# What to produce:
Examine each line of the listing below. Copy those in which the string "pièce" appears.

# Provided records:

==============================

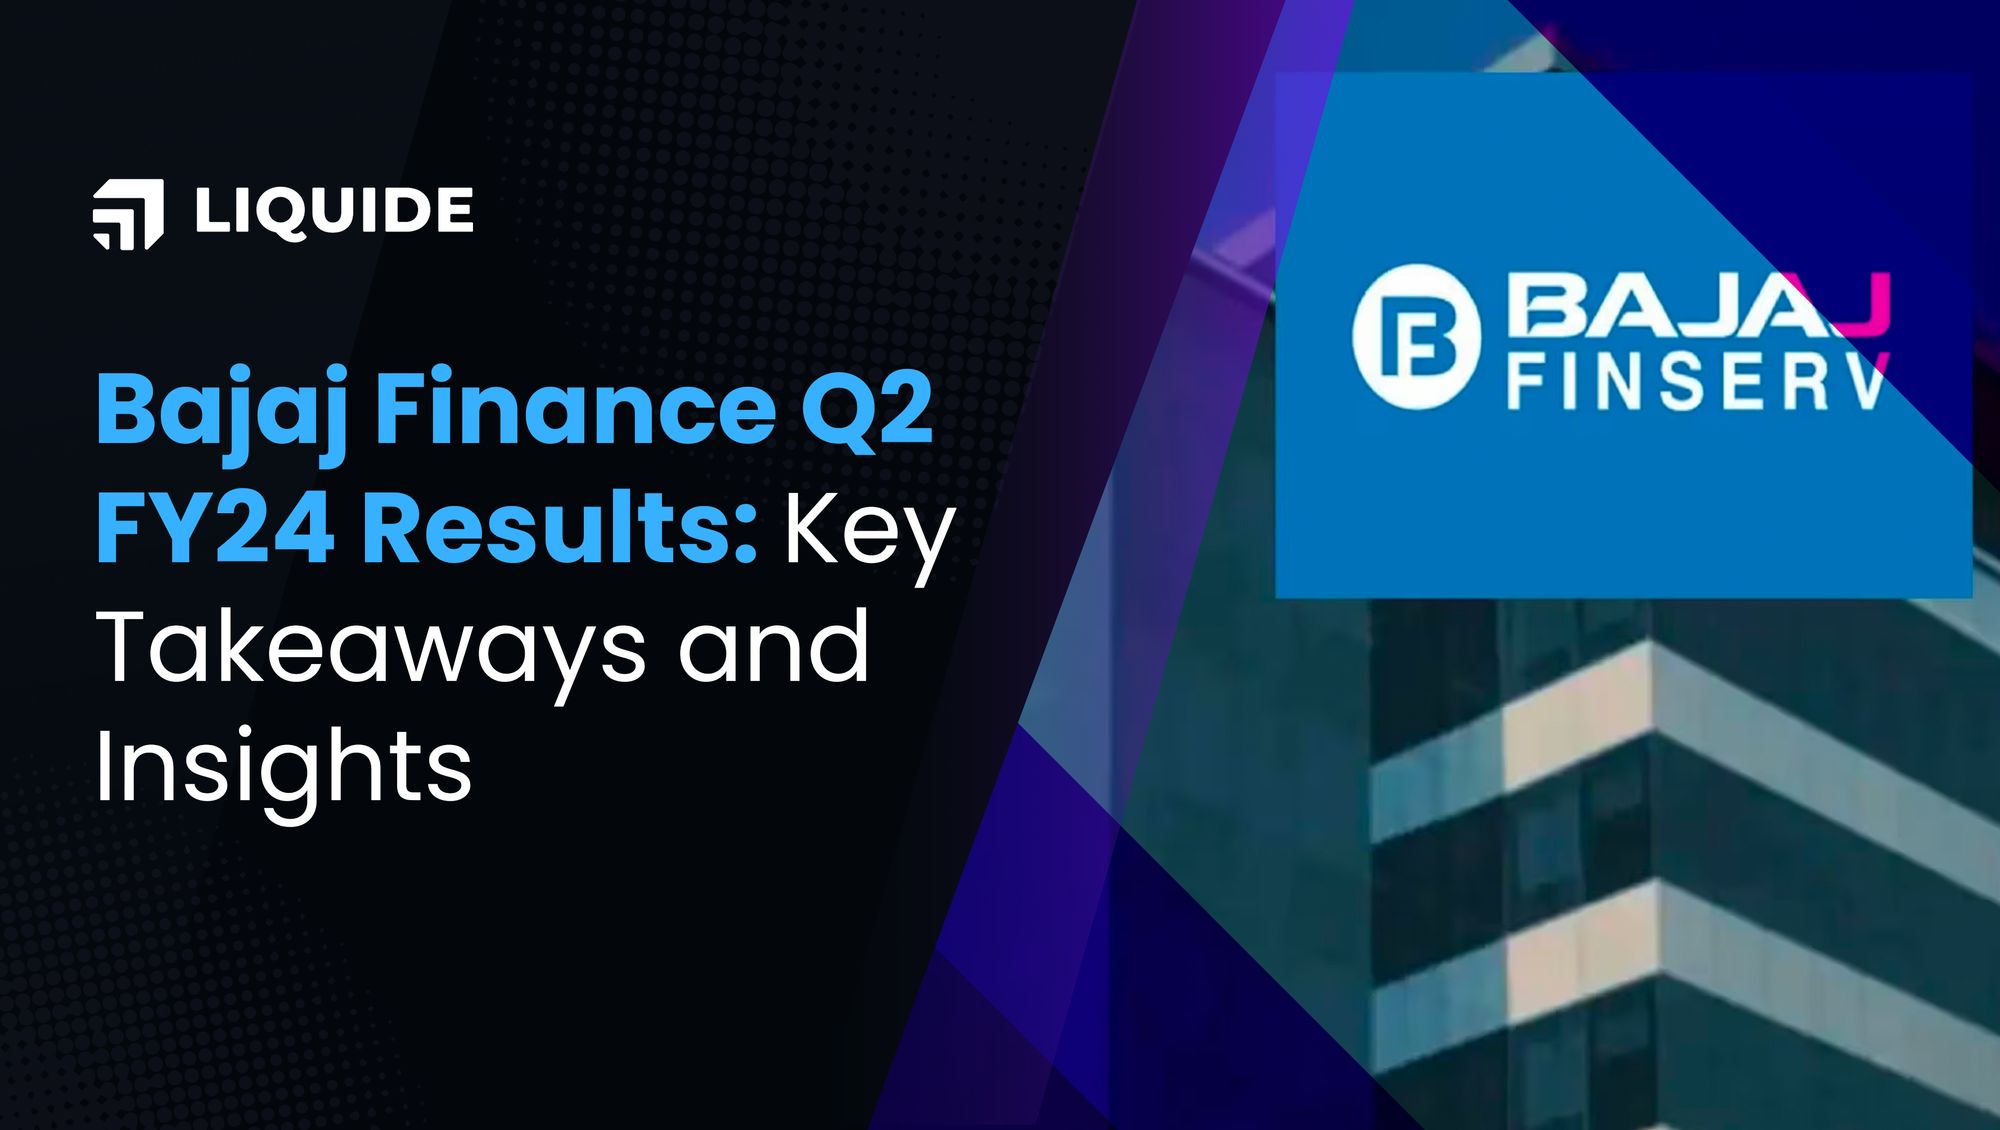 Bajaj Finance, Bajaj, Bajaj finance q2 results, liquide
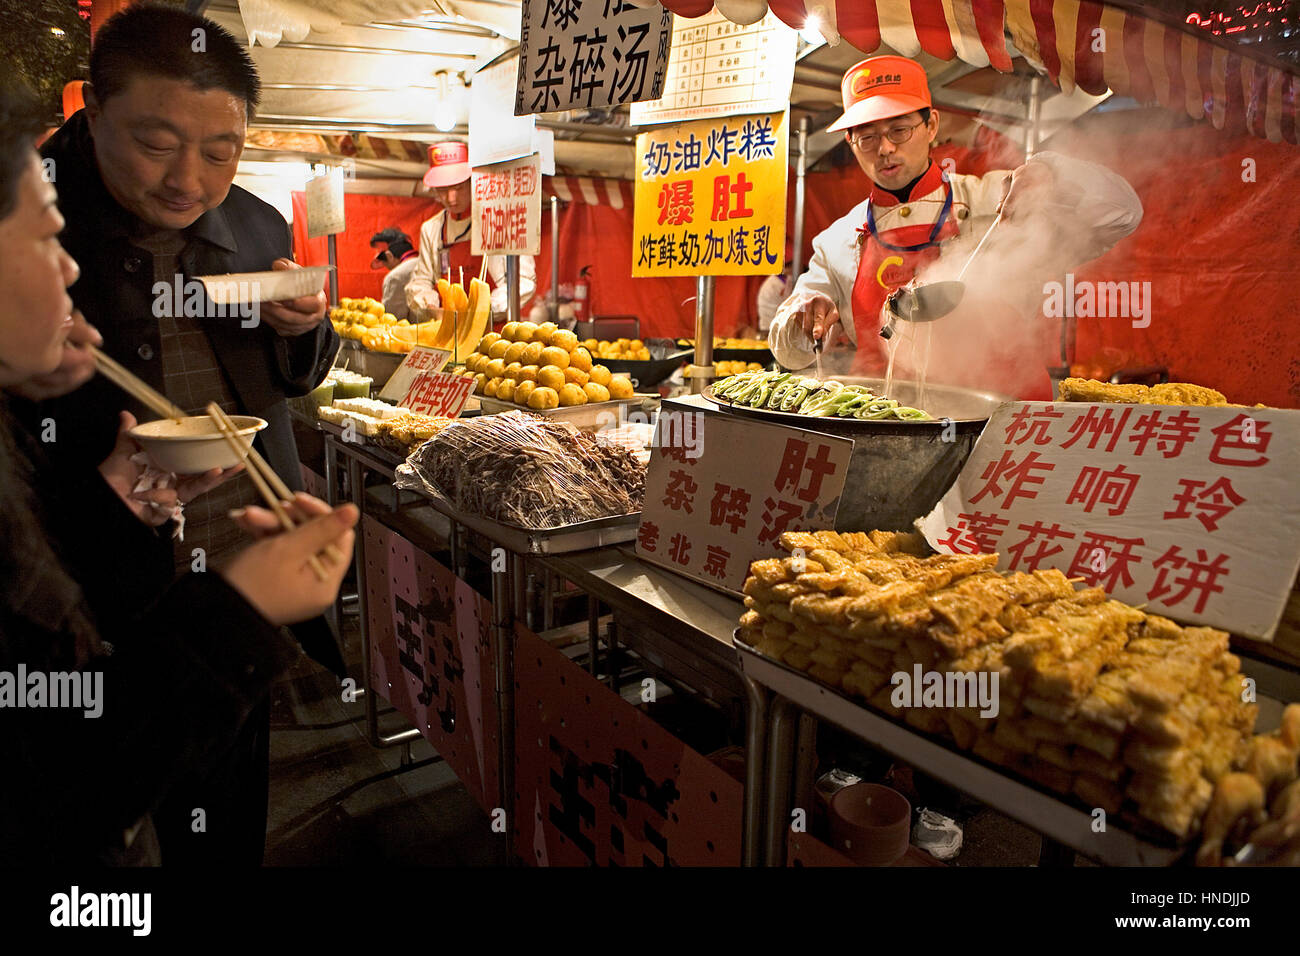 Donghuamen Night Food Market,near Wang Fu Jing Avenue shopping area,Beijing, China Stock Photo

==============================

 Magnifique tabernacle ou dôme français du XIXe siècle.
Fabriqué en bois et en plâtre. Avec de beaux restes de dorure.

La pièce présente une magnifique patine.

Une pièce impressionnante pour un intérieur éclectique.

==============================

# Result of this exercise:
La pièce présente une magnifique patine.
Une pièce impressionnante pour un intérieur éclectique.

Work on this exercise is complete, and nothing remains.